At the Olympic Games, viewers delight in the colorful stories of athletes from around the world: the Pakistani skier who practiced on pieces of wood, the African swimmer who grew up hundreds of miles away from water, and the Jamaican bobsled team.
At the Paralympic Games, everyone has a story. Whether their disability has come through injury or illness, each athlete shows almost impossible levels of determination just to stand at the starting line. Simply put, the Paralympic Movement redefines the realms of possibility and there is no more inspiring sporting event in the world.
What a shame, then, that coverage in China has been close to zero. China is a Paralympic force, having topped the medal table at the last three Summer Paralympic Games. Winter sports are a different story, with China still looking to end its medal drought at a Winter Paralympic Games, but the reaction in China of those who should know better has been telling.
Foreign Ministry spokesperson Qin Gang was asked early this year which Chinese leader would attend the opening ceremony of the Sochi Winter Paralympic Games. His answer? A "leading figure" from the China Disabled Persons' Federation.

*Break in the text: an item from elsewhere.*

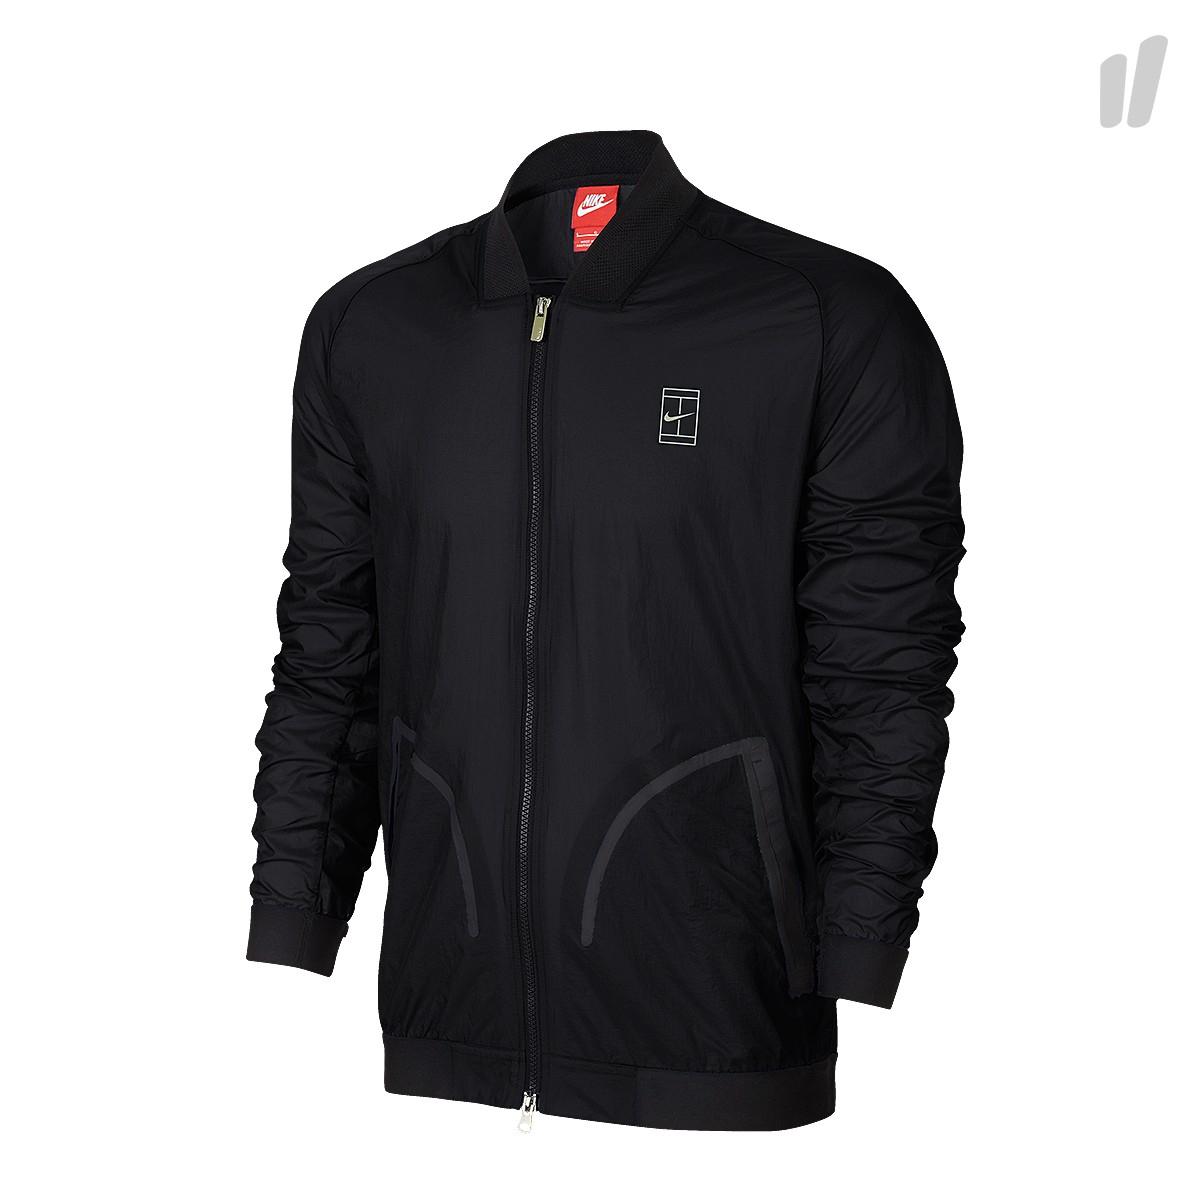 Nike Court Bomber Jacket Schwarz in XL und 2XL für 39,97€ inkl. Versand statt 74,99€ bei HHV.de

Contrast that to the opening of the Olympic Games last month, which was attended by none other than Chinese President Xi Jinping.
For a country that held a Paralympic Games as recently as 2008 and wants to do so again in 2022, China should at least pretend it cares.
Sadly the media are no better than the politicians. CCTV has the luxury of not having to chase ratings, but having been awarded the rights to broadcast the Paralympic Games, it can do better than showing brief highlights very late at night.
At a time when the world's most famous Paralympian, Oscar Pistorius, is attracting attention for all the wrong reasons, the Paralympic Movement needs help now more than ever.